The High Uintas is one large wilderness surrounded by an expanse of roadless and wild land, over half again as large as the HUW. This wilderness is "managed" by two forests and three districts-- the obvious planning, budgeting, on-the-ground-management coordination and uniform priority setting must be a given. While we are assured that is occurring and improving, it is not always clear. Those of us who care about High Uintas Wilderness management ought to be able to talk to any of the appropriate managers and see the same direction.

Monitoring and implementing the wilderness management plan is the ultimate value of the plan. But in our recent discussions we have discovered a seemingly significant disconnect in the monitoring plan. Somehow the monitoring standards and guidelines in the April 1997 Record of Decision (ROD) were seemingly condensed into a table at the end of the ROD with considerably fewer standards, guidelines and indicators. We have been told that this table will consist of the standards, guidelines and indicators to be monitored, not the complete set of standards and guidelines in the ROD. While we are fully aware of the need for monitoring to be consistent with budget and common sense, the simple matter of fact is the standards and guidelines in the ROD must be monitored. If not, the ROD and EIS must be amended and not casually set aside. Th e NEPA process can t have an intended public consideration only later to alter the intent outside of the formal public disclosure process even if the reasons seem clear and good to managers.

We are also very concerned with an even deeper issue dealing with monitoring and implementation of the Limits of Acceptable Change (LAC) process envisioned in the High Uintas Wilderness Management Plan.
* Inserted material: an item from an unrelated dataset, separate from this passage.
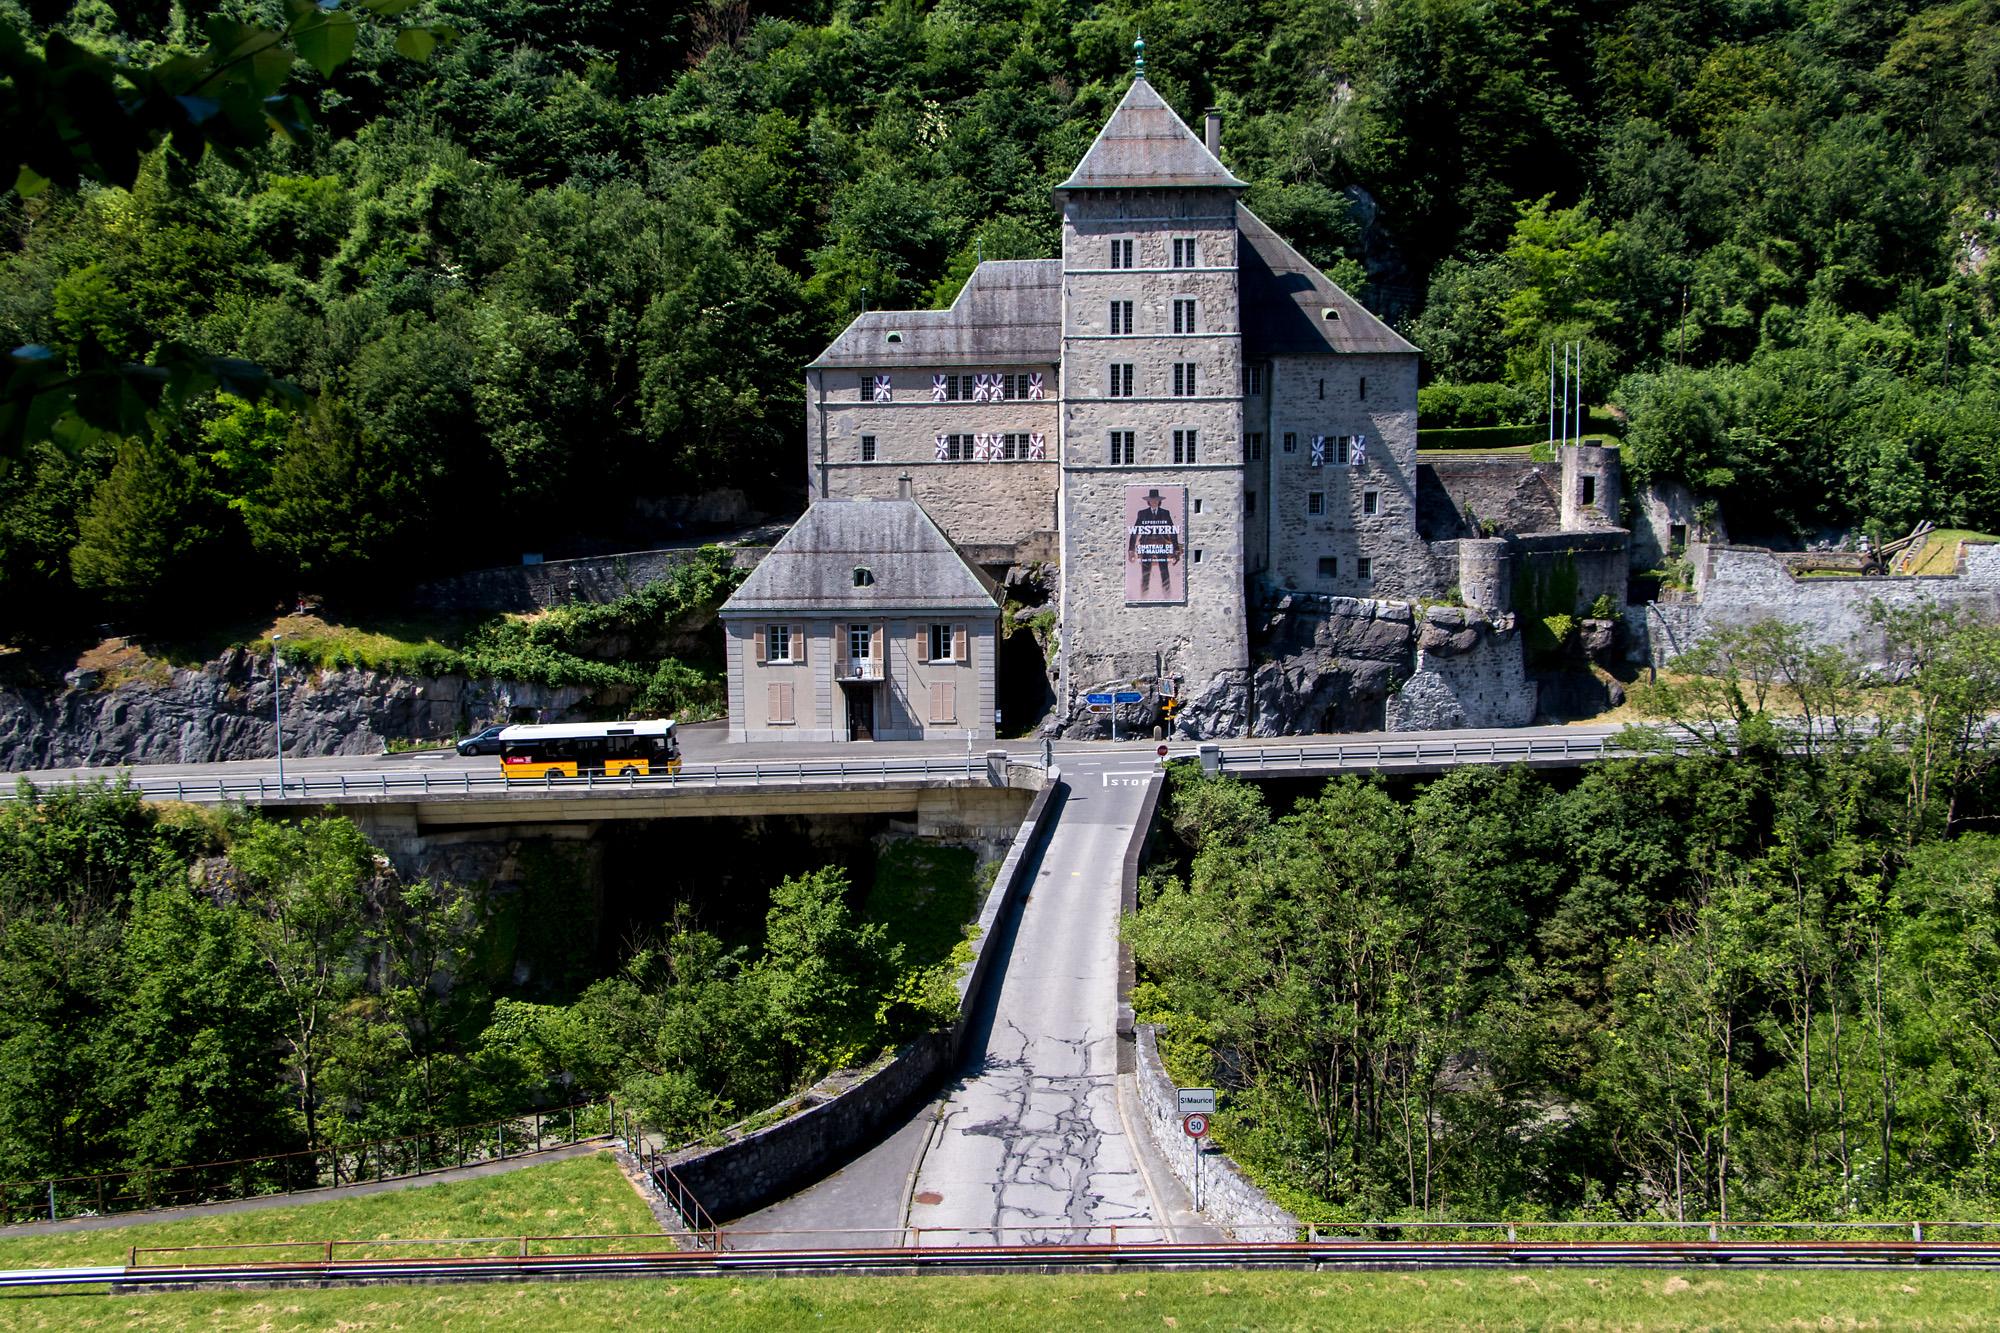 MAN-Midibus vor der imposanten Burg St. Maurice, erbaut Ende des 15. Jh.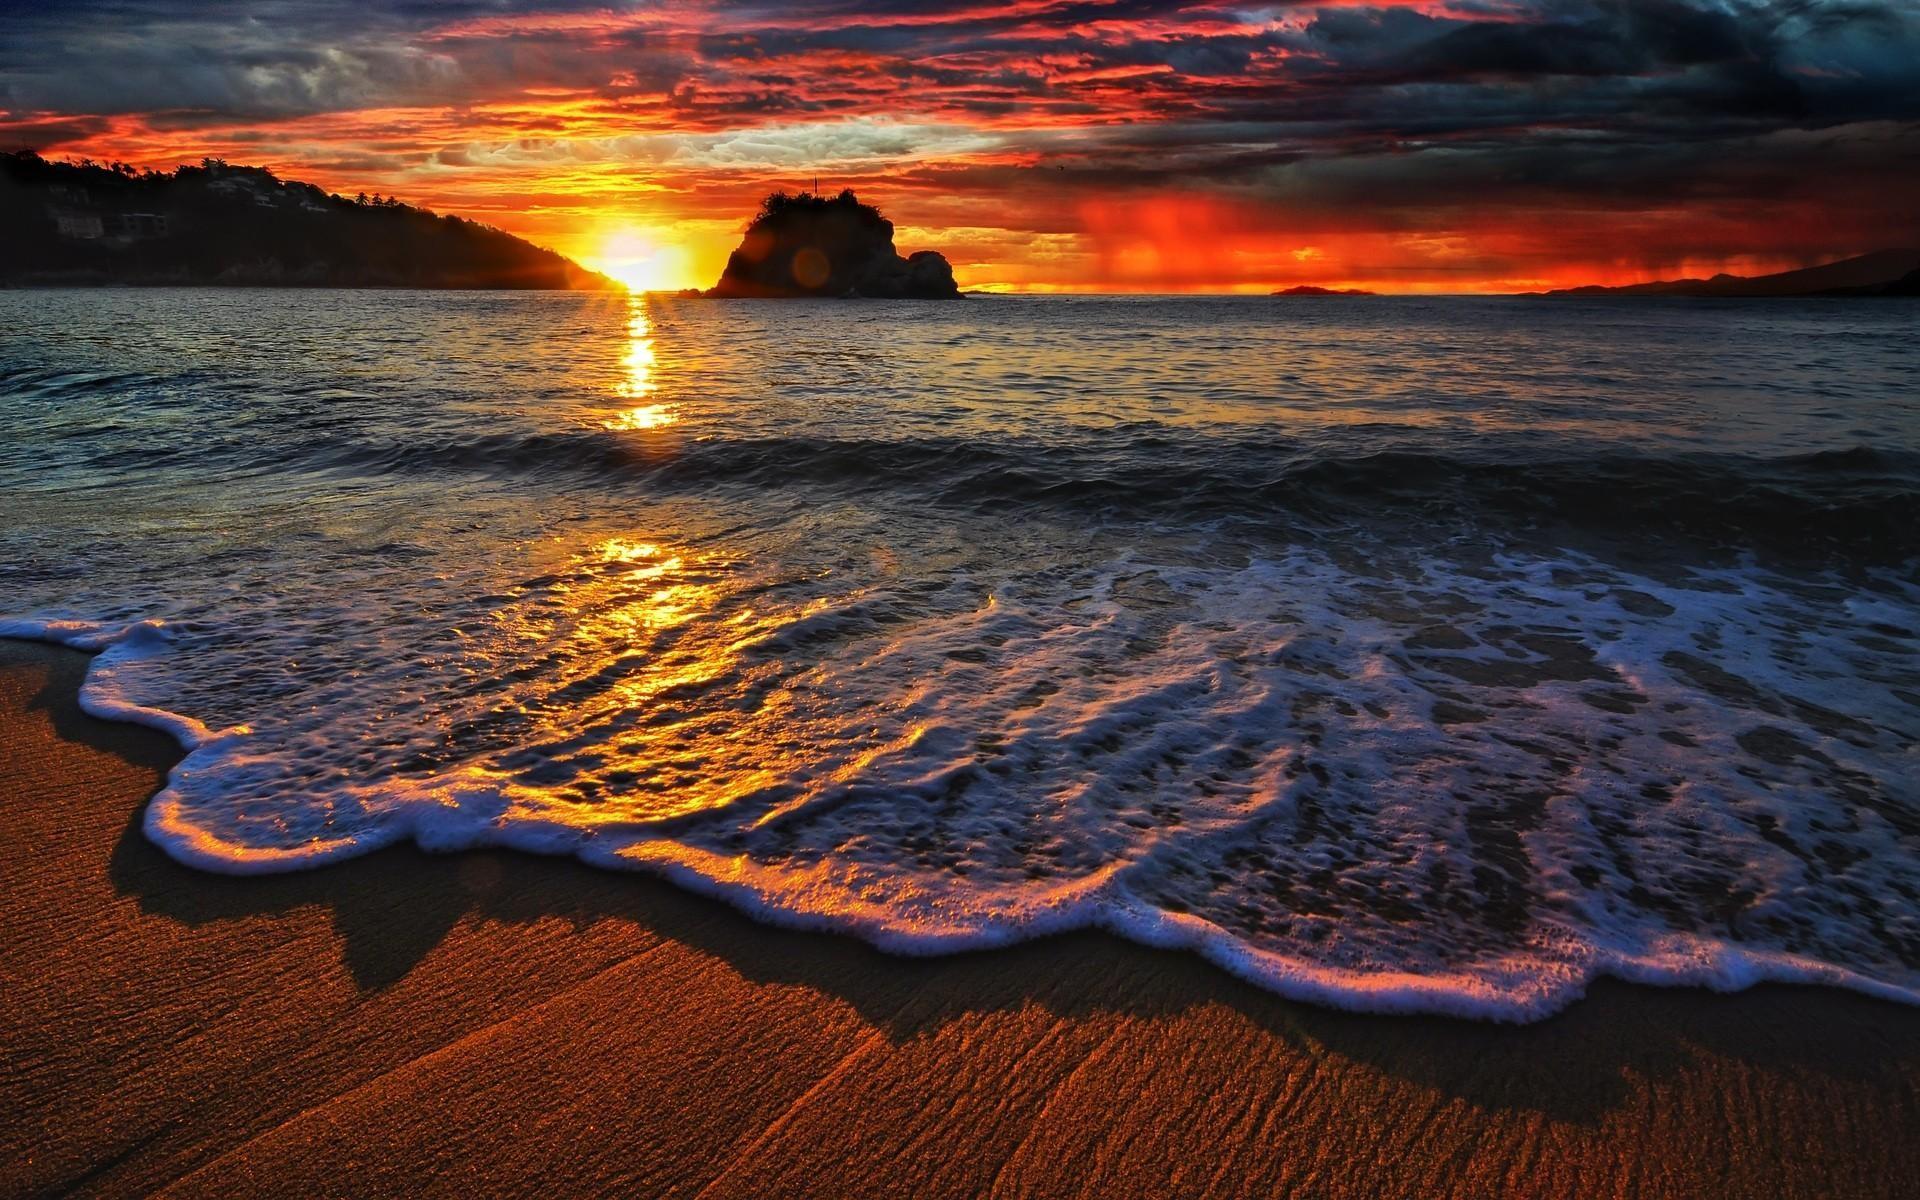 Res: 1920x1200, ocean sunset wallpaper #862663

The concern is obvious-- will on-the-ground conditions trigger management changes once the monitoring and implementation plan is finalized or will those on-the-ground conditions, even if they exceed standards and guidelines, be used as a baseline and then monitored for the determined number of years (5-10, for example) before the plan decisions are implemented? The latter would allow deteriorating conditions to overshadow and paralyze the process for a distinctly long period of time.

Broader ecological issues are still largely being ignored by both forests and the Intermountain Regional office. A recent Journal of Wilderness article highlighted a number of crucial wildlife and ecological based issues surrounding wilderness management. Ironically nonnative trout stocking and mountain goat introductions were identified by High Uintas Wilderness managers as significant issues. It is noteworthy the Forest Service, nonetheless, has turned away from those issues in this High Uintas Wilderness Management Plan as noted in a September 1997 article I wrote for the Journal of Wilderness dealing with Forest Service wilderness and wildlife policy. (For additional information, see HUPC Reviews 1/97, 5/97, 8/97, and 10/97.)

This plan has failed to deal with the most significant wilderness issues and is already outdated. Unbelievably, it is time to start over and do it right.